PARIS (Reuters) - French eyewear group Essilor (ESSI.PA) said on Tuesday it was confident of securing European Union approval for its $54 billion merger with Italian peer Luxottica (LUX.MI) after the EU launched a full-scale probe into its impact on competition.
The world’s biggest optical lenses manufacturer, also confirmed its 2017 outlook after posting stronger third quarter revenues that were broadly in line with expectations.
The company had cut its annual revenue growth target in July, citing snags in China and Brazil, but its shares rose on Tuesday in response to higher sales and the general outlook.
Essilor Chief Operating Officer Laurent Vacherot said on a call with analysts that the group viewed the European Commission’s in-depth probe into the planned merger with Luxottica, launched last month, “with serenity and confidence”.

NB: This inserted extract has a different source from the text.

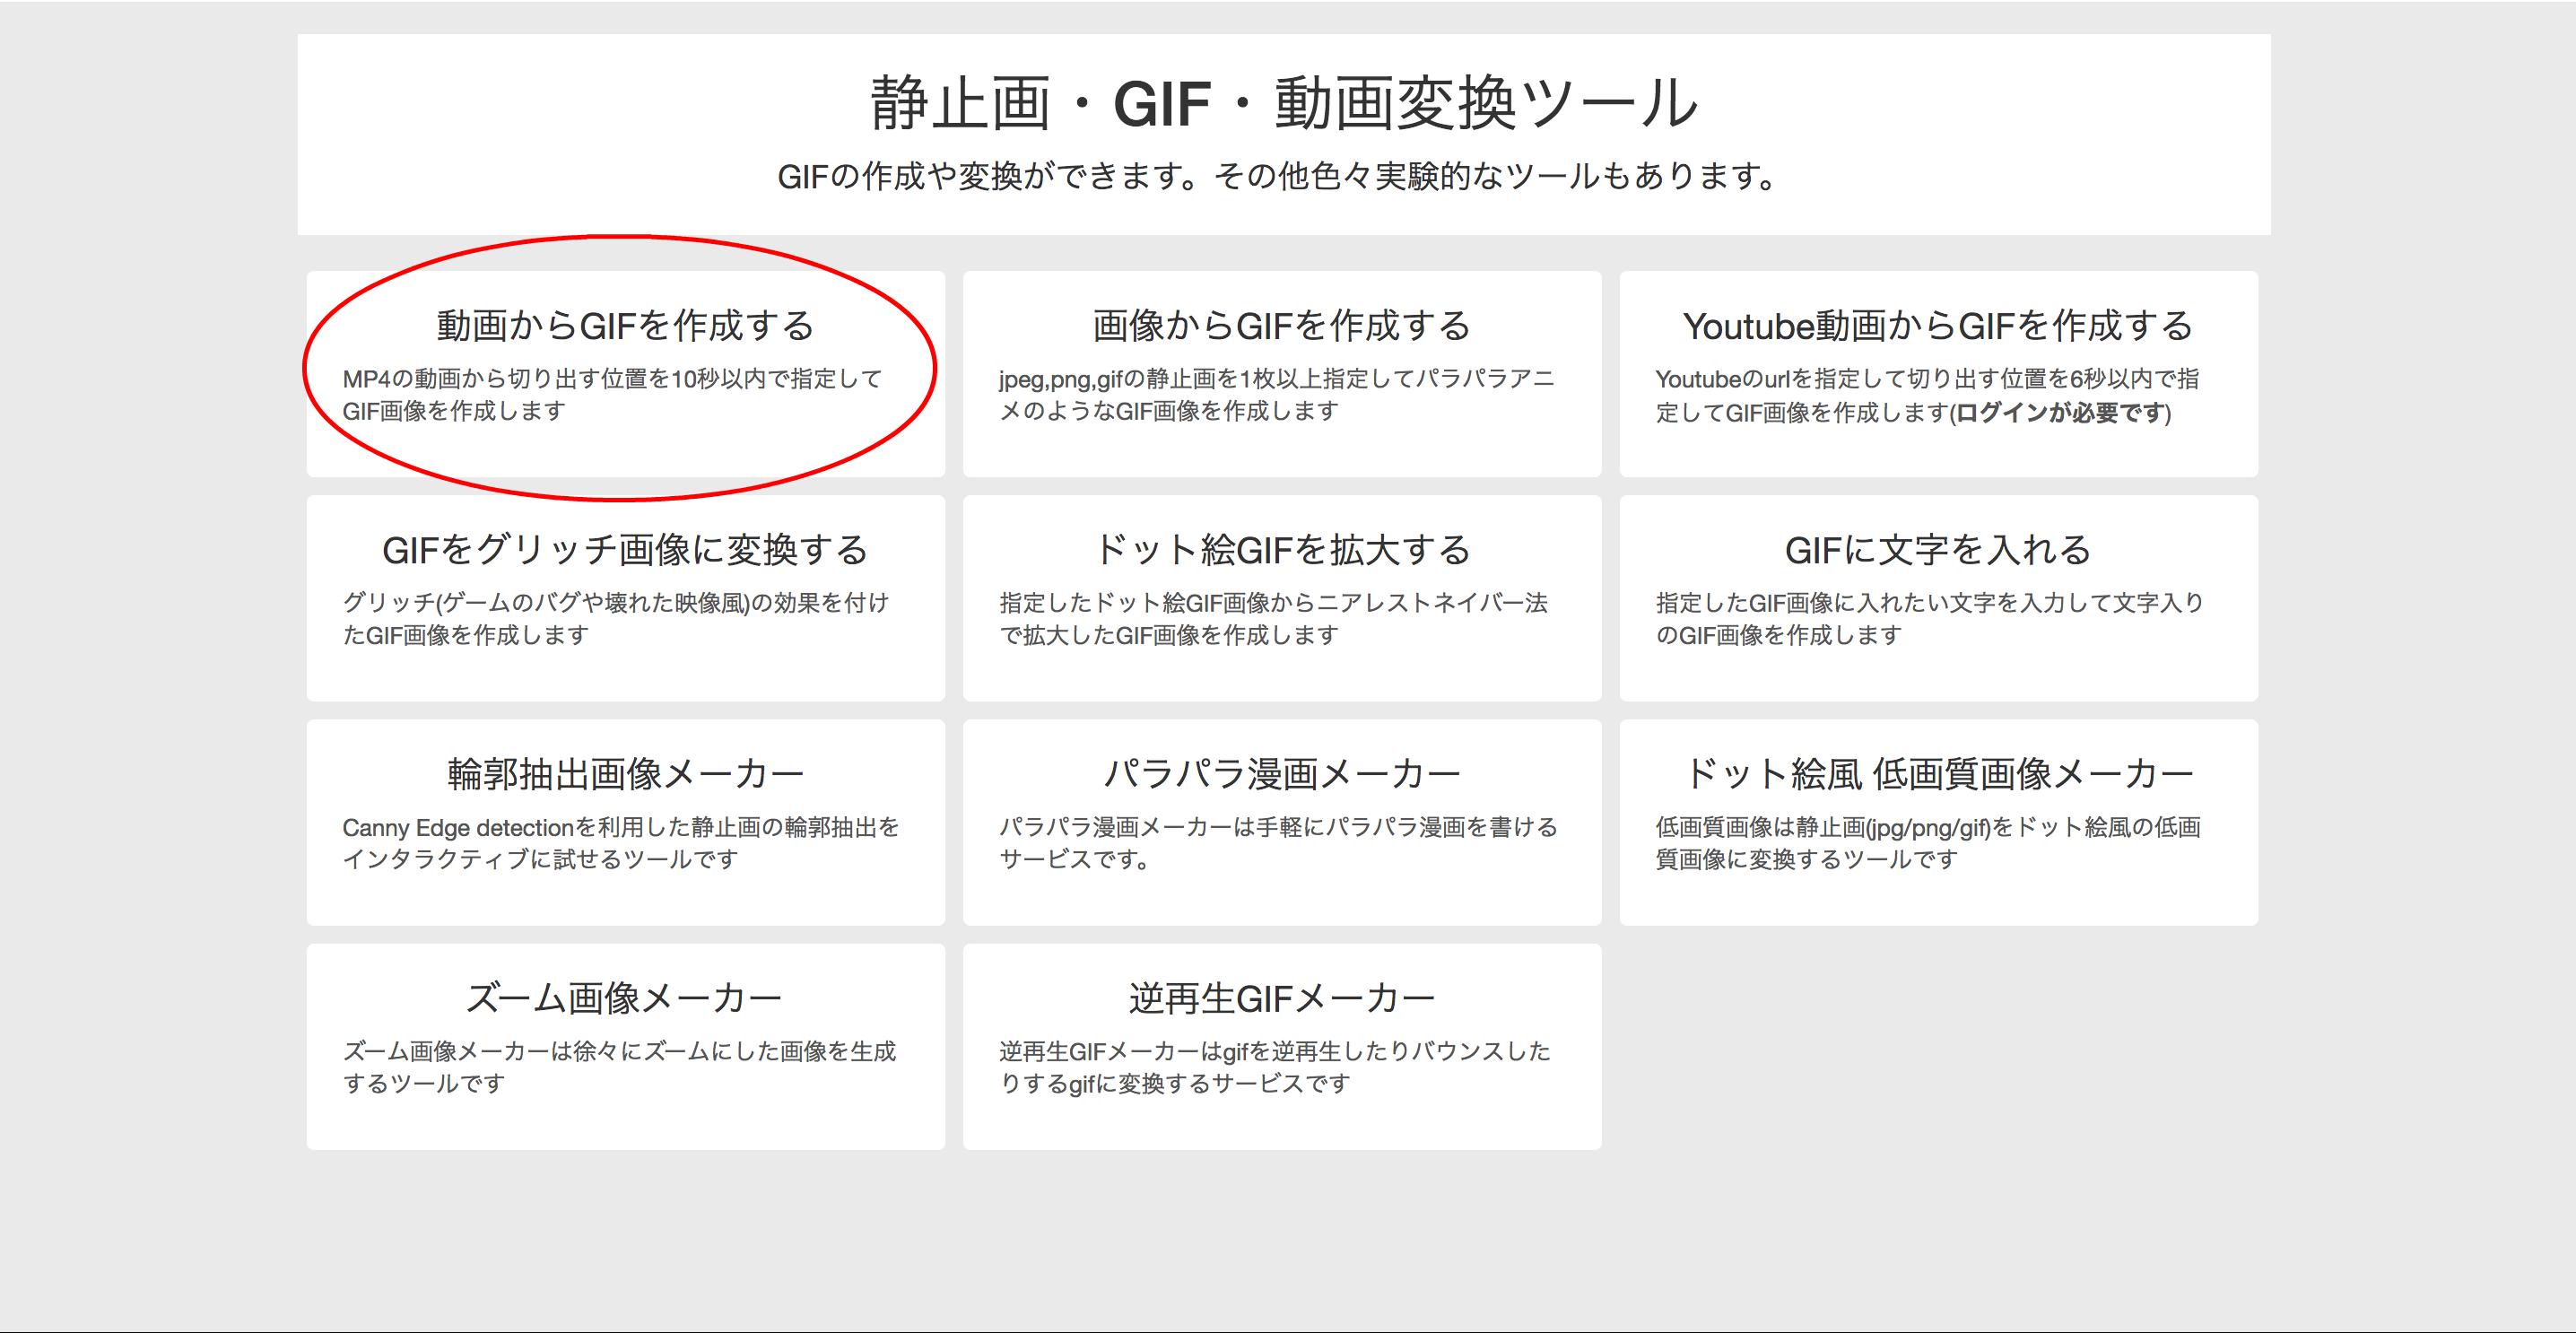 GIF動画 作成方法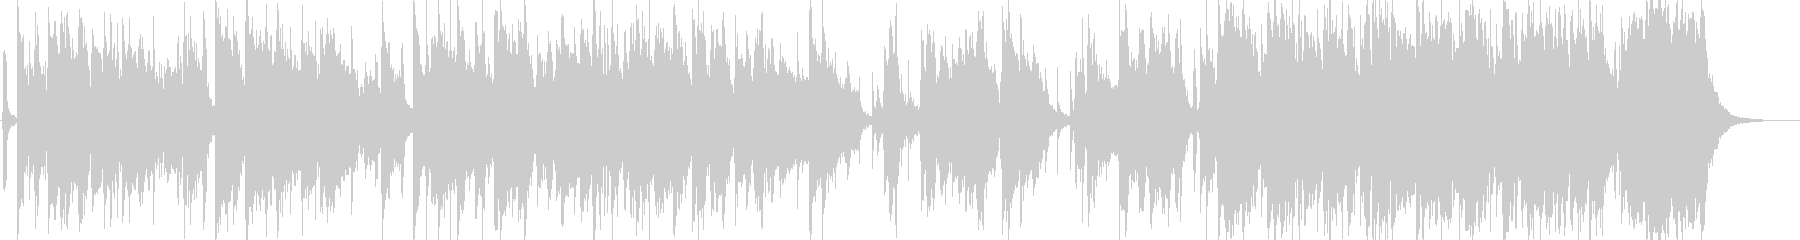 日本伝統音楽5(尺八+和太鼓)の未再生の波形

Chief Executive Hubert Sagnieres said in a statement Essilor planned to build on its third-quarter momentum between now and the end of this year “while also making major strides in its proposed combination with Luxottica.”

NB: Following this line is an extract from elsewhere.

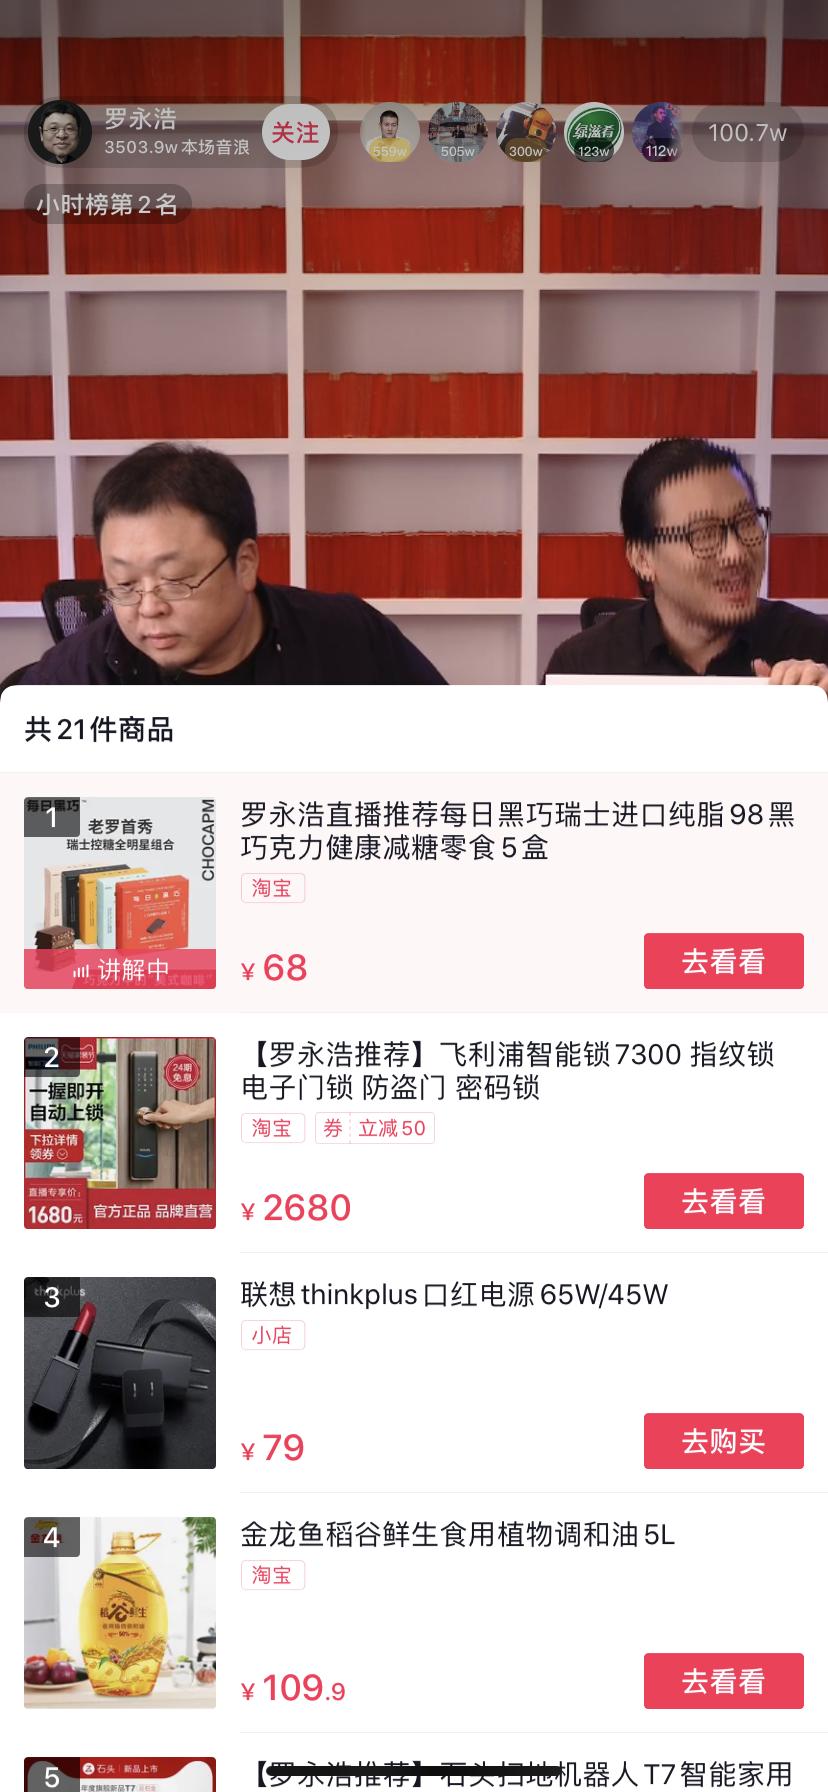 @细数抖音电商的7宗罪:但感谢罗老师让一个电商从业者第一次认真看完直播电商

EU antitrust regulators opened a full-scale investigation into the Luxottica deal in September, saying the deal could reduce competition in the ophthalmic lenses and eyewear market. Their conclusions are expected by the end of February.

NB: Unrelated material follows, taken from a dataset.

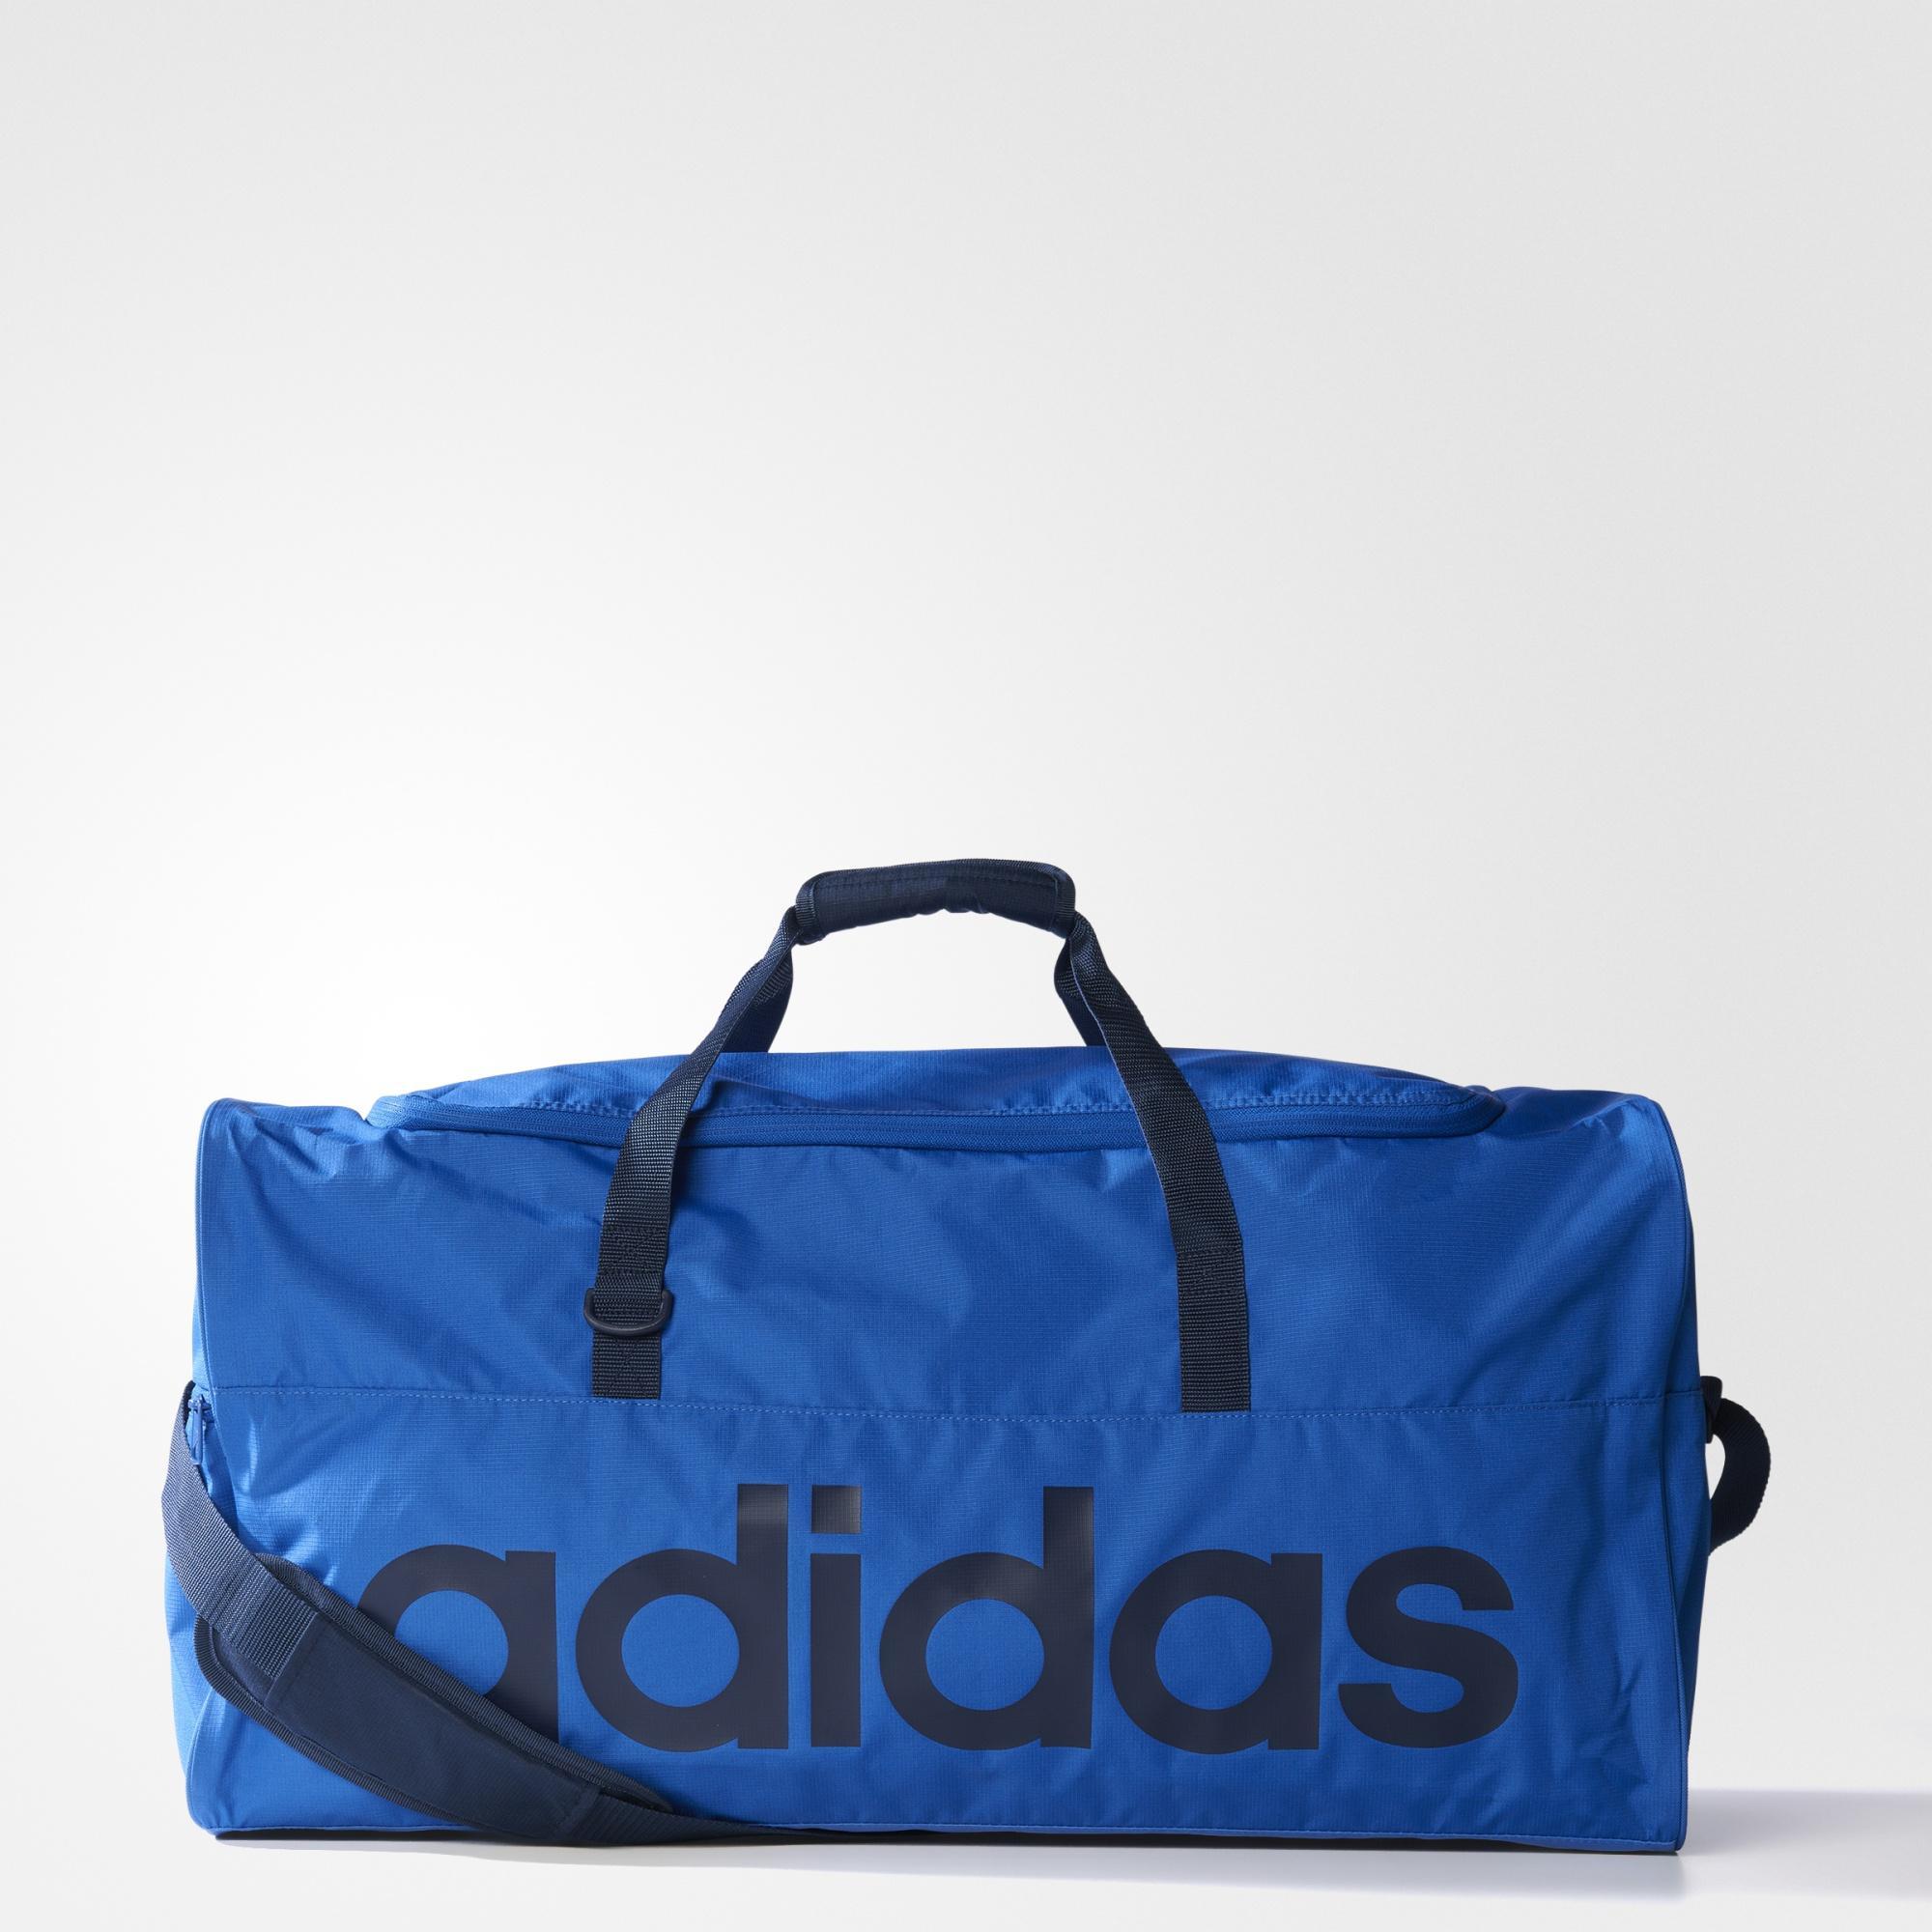 Sélection d'articles en promotion - Ex: Sac de sport Adidas Grand Format Linear Bleu (Taille L)

Luxottica and Essilor had declined to offer concessions during a preliminary EU review.
Vacherot told analysts substantial work had already been done on the merger.
“Authorities need time do to a quality job. The teams are very active and step by step we are preparing and progressing with confidence,” he said.
Essilor shares were up 4.21 percent at 105.25 euros at 1005 GMT, making the stock the best performer on France's benchmark CAC-40 index .FCHI.
“Performance in U.S and EMEA (Europe, Middle East and Africa) has sequentially improved in each quarter and guidance suggests a similar development in the fourth quarter,” analysts at investment bank Jefferies wrote in a note to clients.
Essilor and Luxottica, the maker of Ray-Ban sunglasses, agreed in January on a 46 billion euro ($54 billion) merger to create a global eyewear giant with annual revenue of more than 15 billion euros.
The merger has been approved by competition authorities in several countries including India, Japan and New Zealand but still needs clearance in North America and Europe.
A key regulatory concern for the EU is the possibility that the merged company might persuade opticians to buy eyewear and lenses as a package, leveraging Luxottica’s strong brand portfolio which also includes Persol as well as licensed names such as Chanel and Armani.
Competition lawyers have said that, to win clearance, the two companies may have to offer commitments to Brussels that the markets for lenses and frames will remain open to their rivals.
Given the Feb. 26 deadline set by the European Commission, the merger is not expected to be finalised before 2018 but Vacherot said the group was sticking to an initial target of closing the transaction “around the end of the year.”
Essilor said sales in the quarter ended September were up 2.5 percent on an organic basis to 1.75 billion euros. Analysts polled by Reuters had on average been expecting revenues of 1.77 billion euros.
Sales in North America were up 2.3 percent to 658 million euros despite the ravages in September of hurricanes such as Irma which led to several shop closures in the United States.
Luxottica reported weaker-than-expected third-quarter sales on Tuesday after it was forced to close some 570 shops in Texas, Florida and Puerto Rico.